Я смотрел на священника, ожидая ответа, но тот, подобно нечеткой картинке, вдруг стал медленно расплываться перед глазами, как все находившееся вокруг. Резкость куда-то исчезла: «Я теряю сознание?» Ощущение реальности стало пропадать, а вдалеке, но в то же время, будто в собственной голове, я стал слышать чей-то голос. Неразборчивые слова напоминали надоедливое бурчание, становясь все громче и ближе. Перед глазами стало совсем темно…

— Просыпайся! — громкий выкрик заставил меня открыть глаза.

Я увидел совсем иную комнату: светлую, чистую и роскошную.

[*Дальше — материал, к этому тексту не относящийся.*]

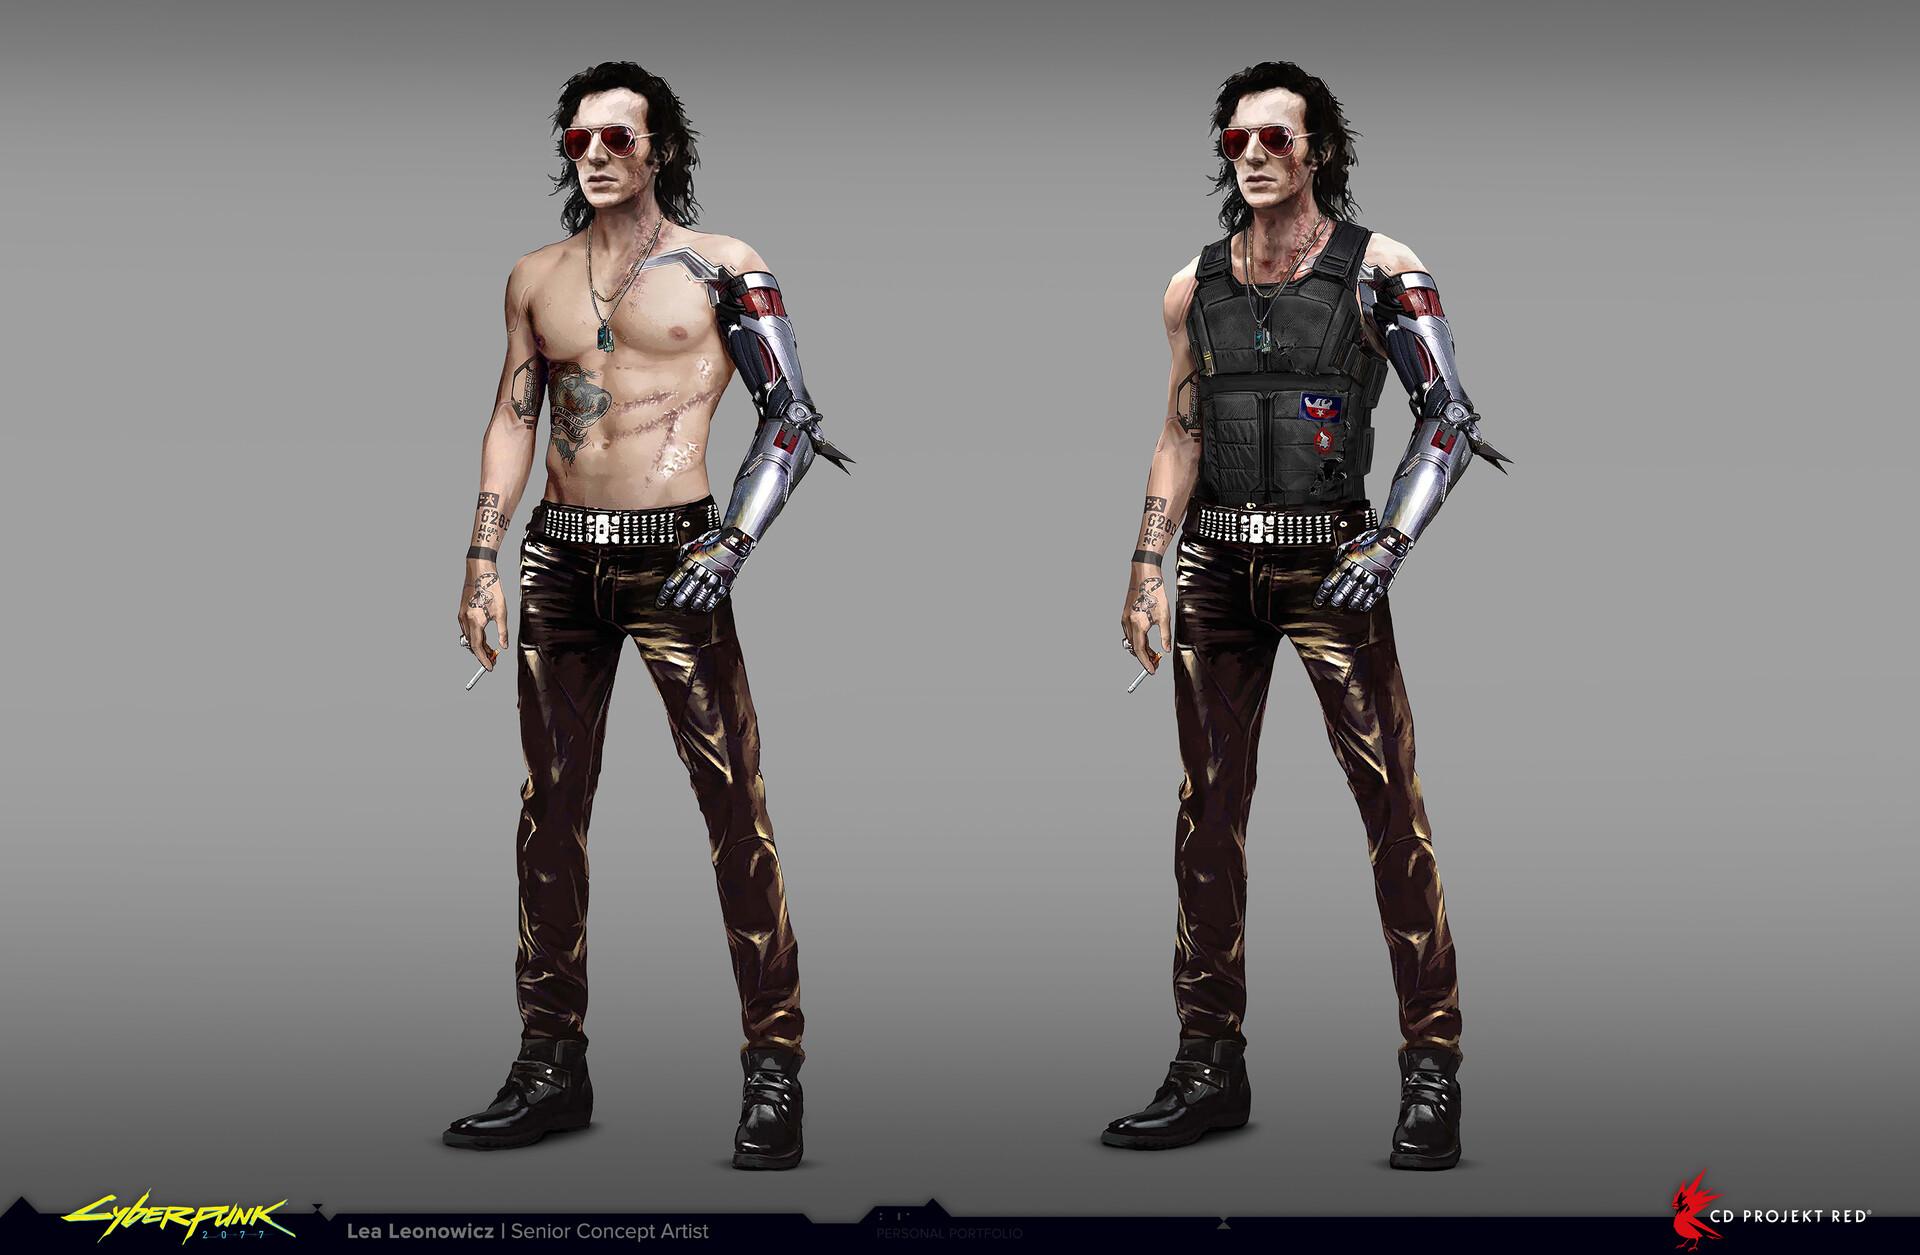 Artes conceituais mostram como seria Johnny Silverhand antes de ser Keanu Reeves

Я больше не был в той камере, в том жутком месте, а священник куда-то исчез… Мягкая, уютная постель, на которой я сидел, очень отличалась от тюремной кровати. Она, скорее, была одной из тех, на которых я привык спать с рождения.

Я повернул голову вправо и изумился куда сильней: рядом с кроватью стоял Дэн… Дэн Мак’Коллин! Он не был похож на мертвеца или призрака. На его щеках играл румянец, а глаза наполнял блеск самой жизни. Я сглотнул подступивший к горлу ком и боязно, осторожно улыбнулся.